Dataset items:
=-=-=

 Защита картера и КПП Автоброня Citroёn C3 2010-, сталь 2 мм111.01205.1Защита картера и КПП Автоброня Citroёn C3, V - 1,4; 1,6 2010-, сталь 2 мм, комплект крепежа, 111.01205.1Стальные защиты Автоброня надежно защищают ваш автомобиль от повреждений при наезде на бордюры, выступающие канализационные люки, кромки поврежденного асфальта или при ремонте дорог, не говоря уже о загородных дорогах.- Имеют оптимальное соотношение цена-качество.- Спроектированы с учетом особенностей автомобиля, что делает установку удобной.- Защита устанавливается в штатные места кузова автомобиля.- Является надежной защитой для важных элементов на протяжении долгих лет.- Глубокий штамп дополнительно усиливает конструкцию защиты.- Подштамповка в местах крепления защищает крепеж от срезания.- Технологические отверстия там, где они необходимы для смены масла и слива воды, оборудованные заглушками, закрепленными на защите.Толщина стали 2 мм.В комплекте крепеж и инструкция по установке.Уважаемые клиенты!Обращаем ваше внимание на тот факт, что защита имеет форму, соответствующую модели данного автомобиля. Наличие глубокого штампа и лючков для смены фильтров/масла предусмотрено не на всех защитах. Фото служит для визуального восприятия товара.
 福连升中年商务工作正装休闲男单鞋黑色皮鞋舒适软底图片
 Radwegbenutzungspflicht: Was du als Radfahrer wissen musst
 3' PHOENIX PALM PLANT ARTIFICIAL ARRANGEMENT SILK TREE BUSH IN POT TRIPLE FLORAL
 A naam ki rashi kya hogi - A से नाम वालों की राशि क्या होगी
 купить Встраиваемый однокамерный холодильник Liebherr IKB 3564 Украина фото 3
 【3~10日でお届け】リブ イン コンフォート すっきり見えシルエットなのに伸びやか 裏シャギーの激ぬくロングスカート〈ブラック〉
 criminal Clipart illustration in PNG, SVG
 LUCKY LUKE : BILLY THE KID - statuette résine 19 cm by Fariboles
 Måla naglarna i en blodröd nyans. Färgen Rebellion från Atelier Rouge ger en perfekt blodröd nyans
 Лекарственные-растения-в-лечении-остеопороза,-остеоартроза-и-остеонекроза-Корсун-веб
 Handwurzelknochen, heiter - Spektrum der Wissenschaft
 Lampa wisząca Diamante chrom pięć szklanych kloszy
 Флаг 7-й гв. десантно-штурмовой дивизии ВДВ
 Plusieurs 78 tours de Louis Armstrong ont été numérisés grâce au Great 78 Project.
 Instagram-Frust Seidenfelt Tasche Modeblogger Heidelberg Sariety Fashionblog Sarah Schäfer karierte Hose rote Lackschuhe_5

=-=-=

• **TASK STATEMENT**:
Please copy, exactly and with nothing else, the lines above beginning at the line that has "Måla naglarna i" and ending with the line that has "Lampa wisząca Diamante".

• **SOLUTION TO THE EXERCISE**:
 Måla naglarna i en blodröd nyans. Färgen Rebellion från Atelier Rouge ger en perfekt blodröd nyans
 Лекарственные-растения-в-лечении-остеопороза,-остеоартроза-и-остеонекроза-Корсун-веб
 Handwurzelknochen, heiter - Spektrum der Wissenschaft
 Lampa wisząca Diamante chrom pięć szklanych kloszy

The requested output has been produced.